**EXERCISE BRIEF:**
When you repeat the listing below, keep every word exactly and leave out each picture.

**DATA BLOCK:**
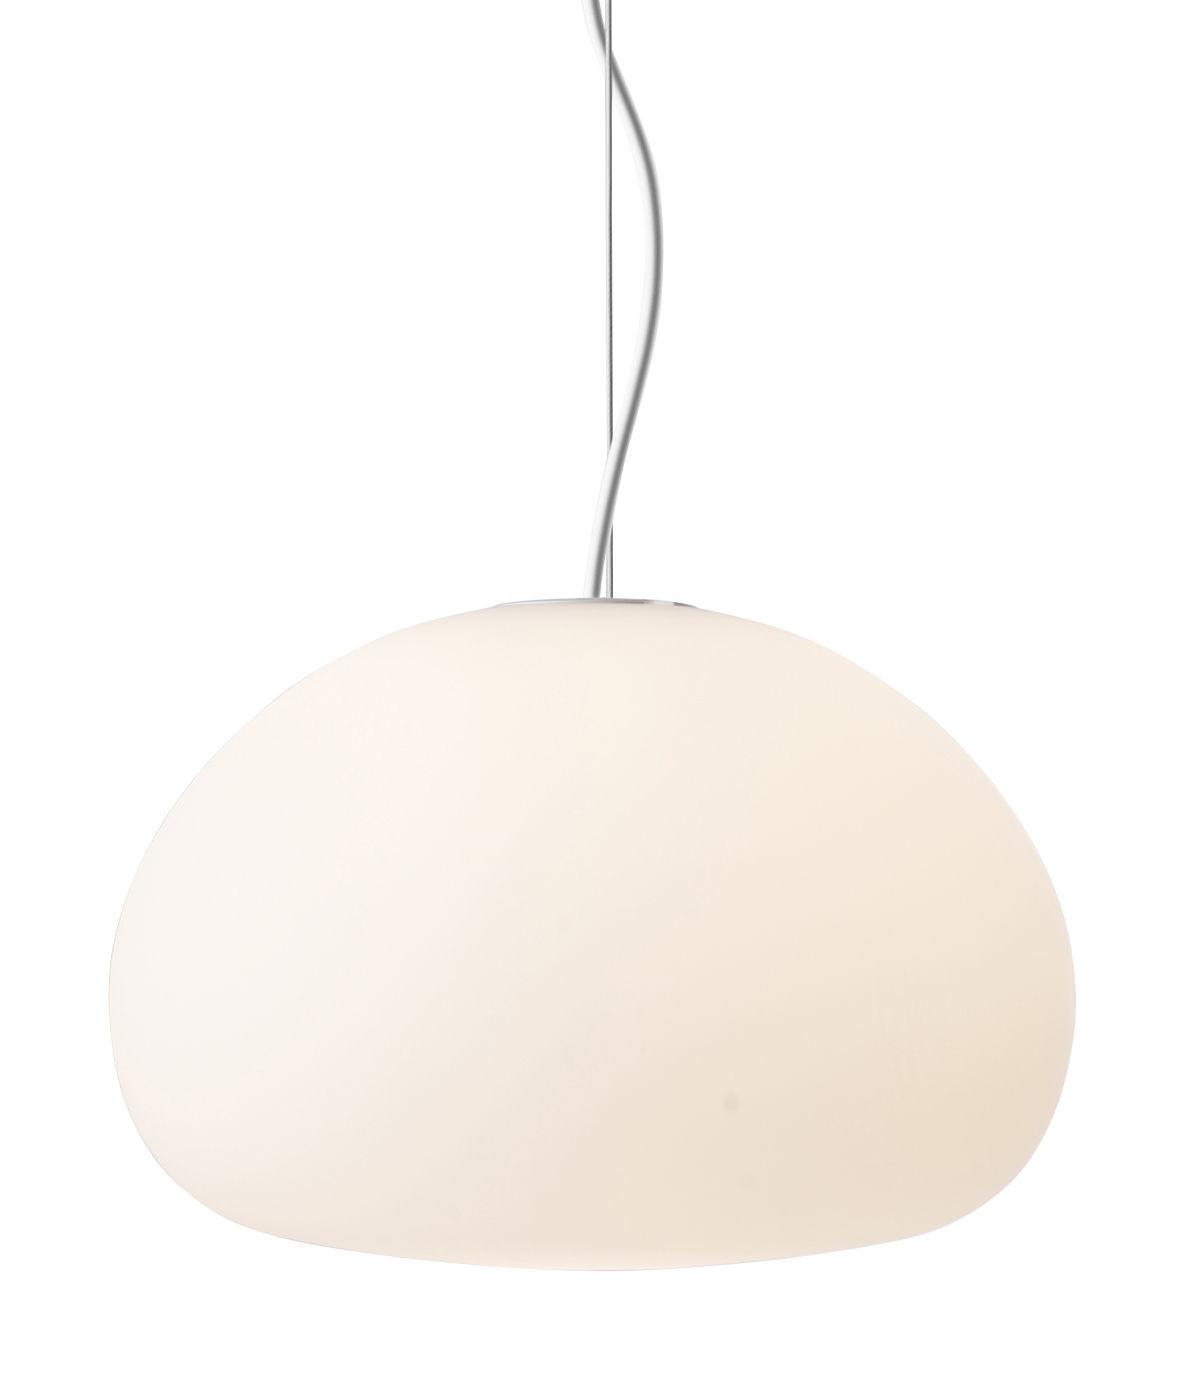 Leuchten - Pendelleuchten - Fluid Small Pendelleuchte - Muuto - Weiß - Opalglas
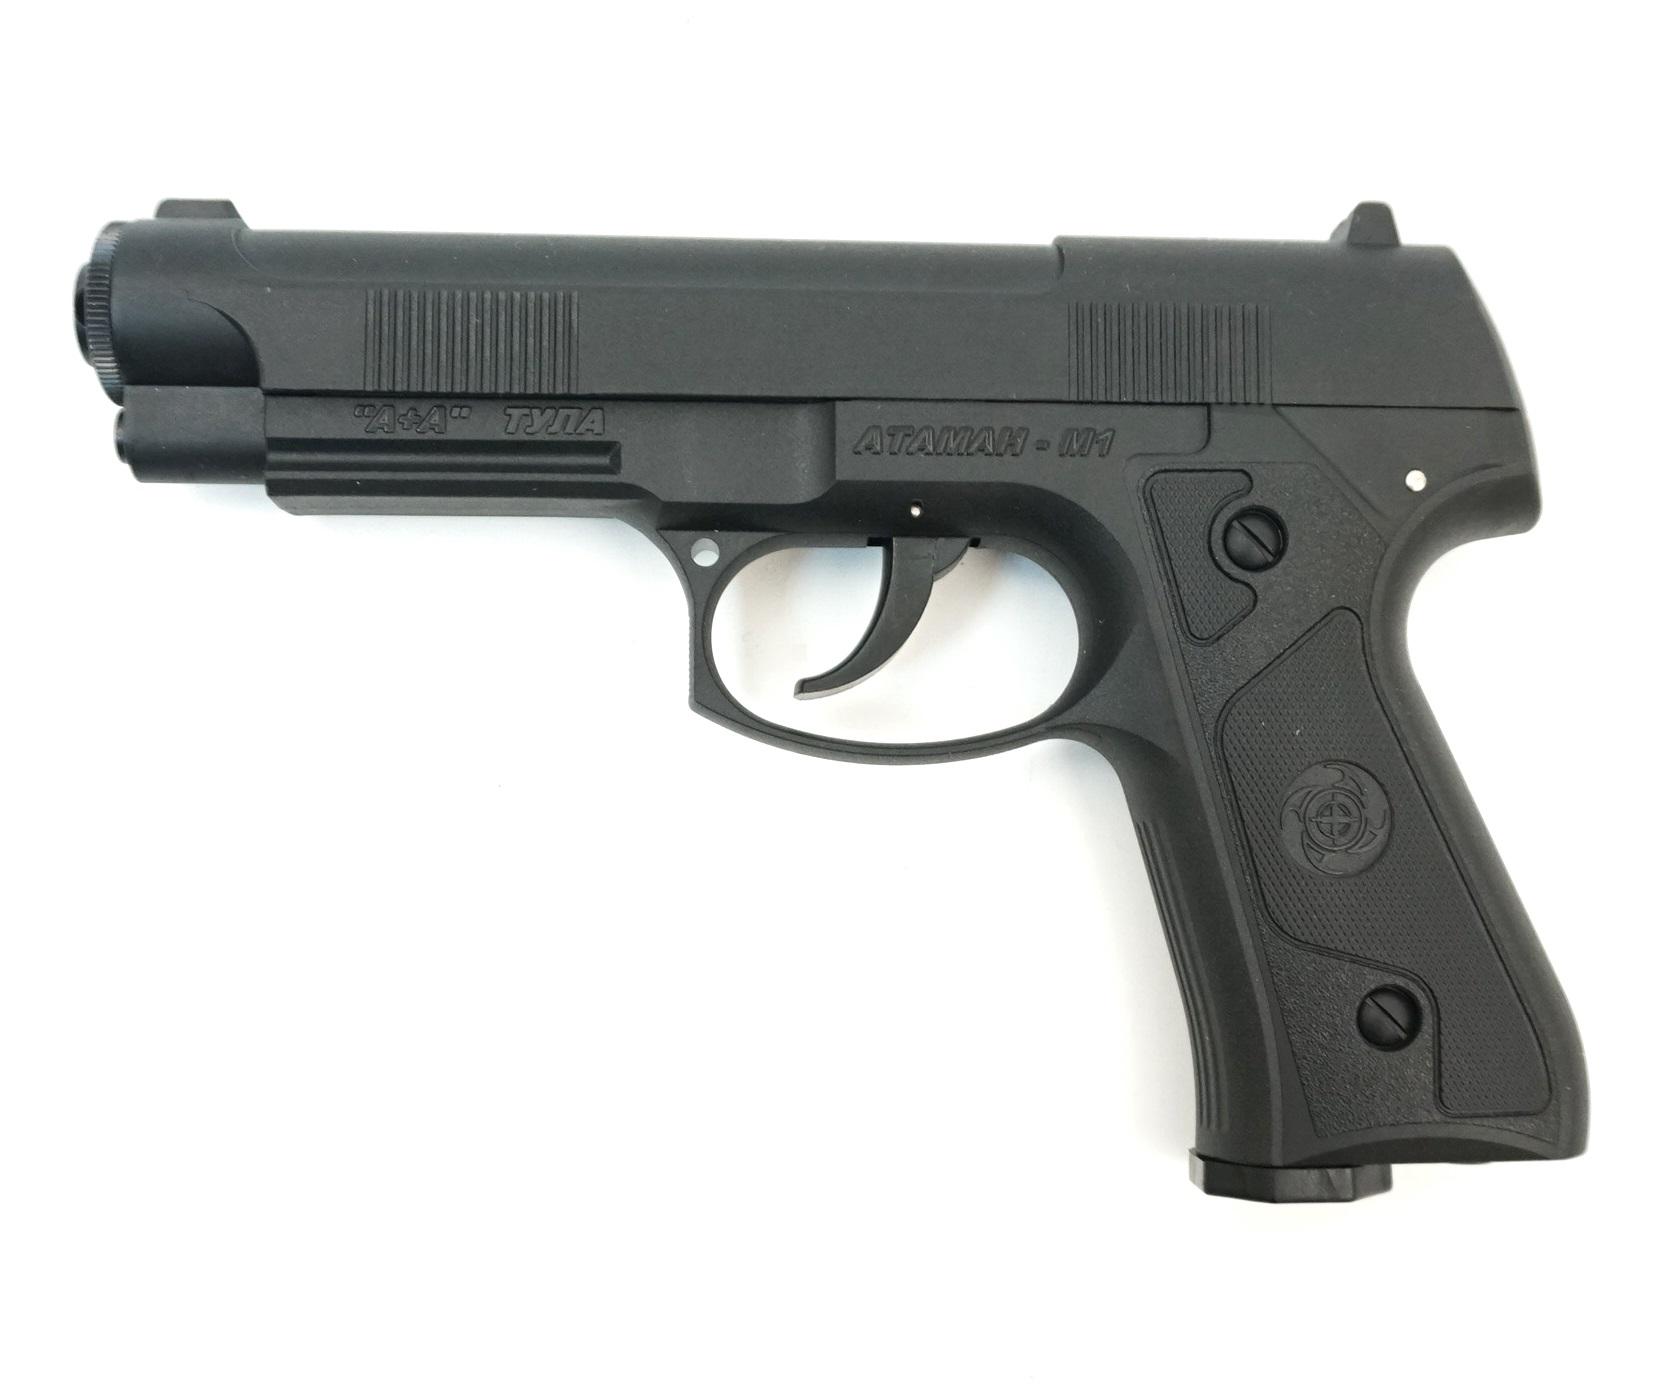 Пневматический пистолет «Атаман-М1-У» купить! Цена в Москве, СПБ
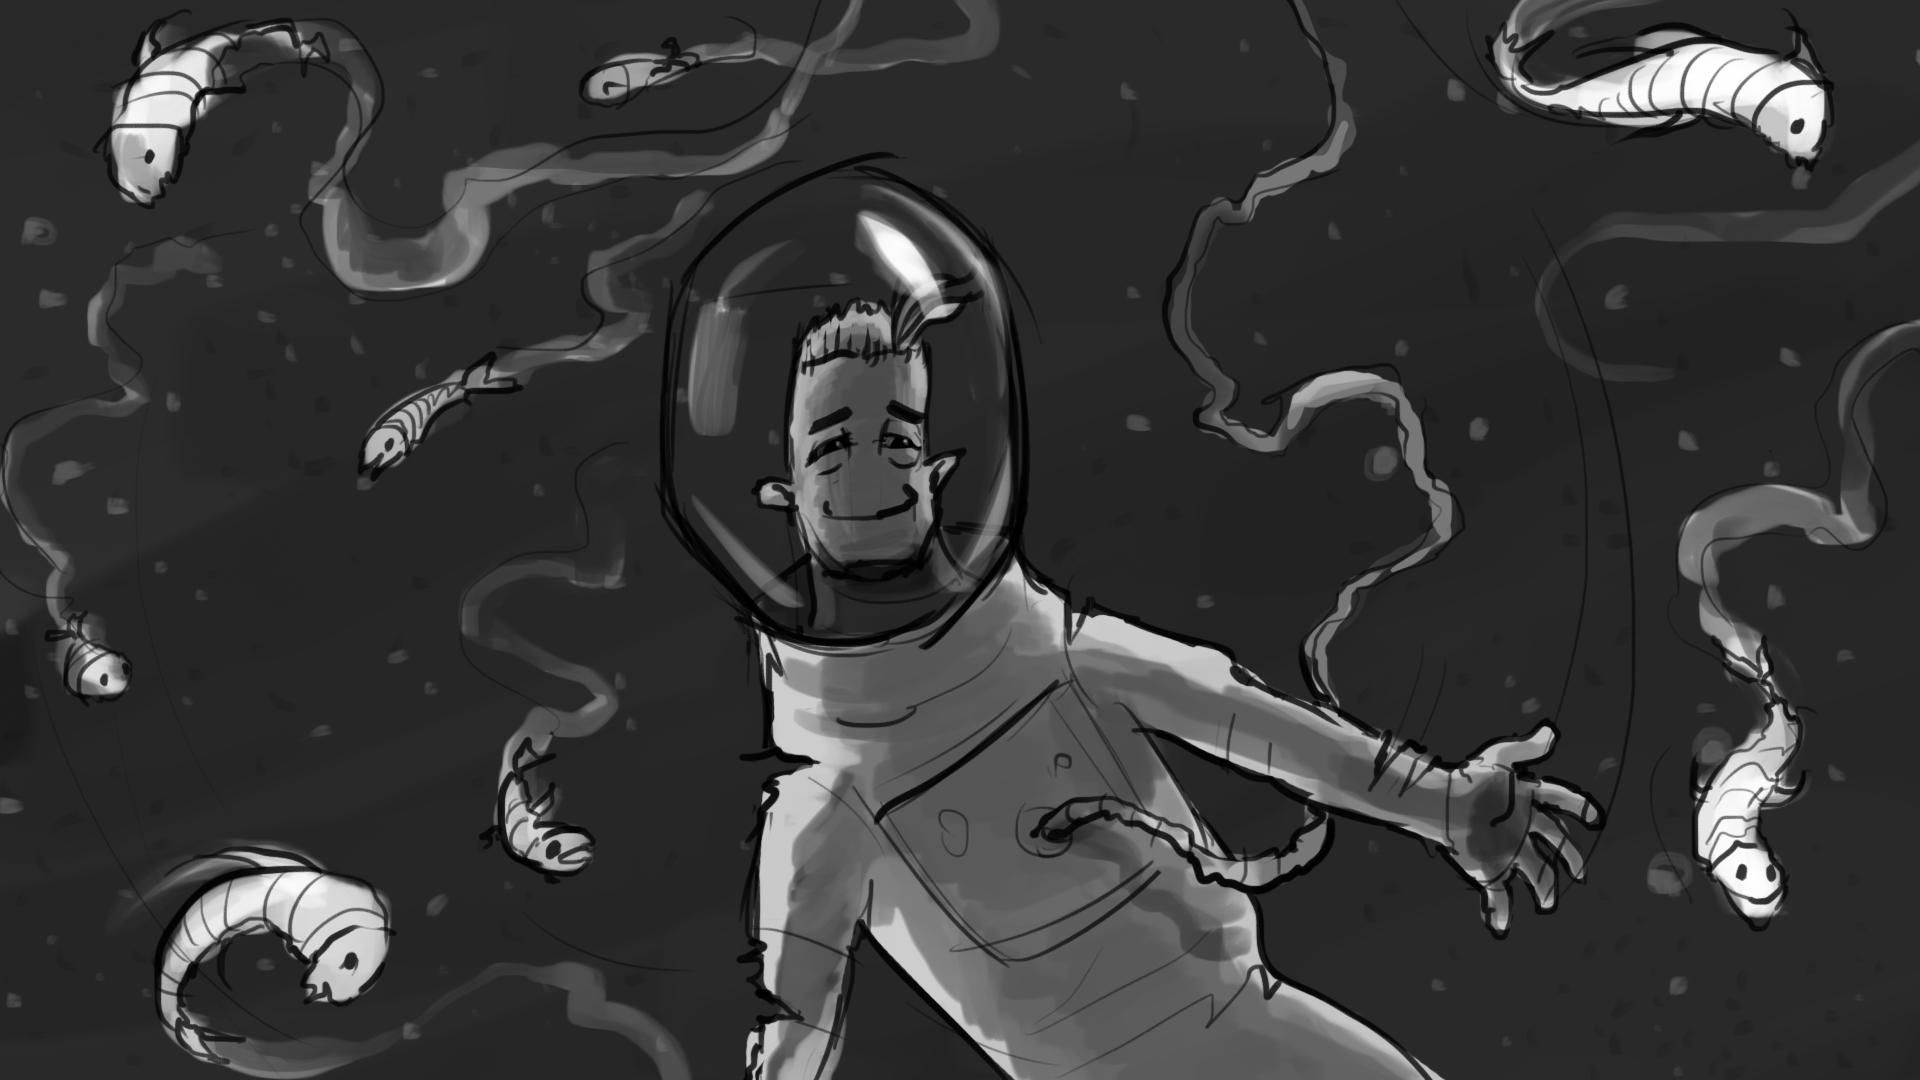 Rocket_Man_Storyboard_Artboard 19.jpg

**ANSWER TO THIS TASK:**
 Leuchten - Pendelleuchten - Fluid Small Pendelleuchte - Muuto - Weiß - Opalglas
 Пневматический пистолет «Атаман-М1-У» купить! Цена в Москве, СПБ
 Rocket_Man_Storyboard_Artboard 19.jpg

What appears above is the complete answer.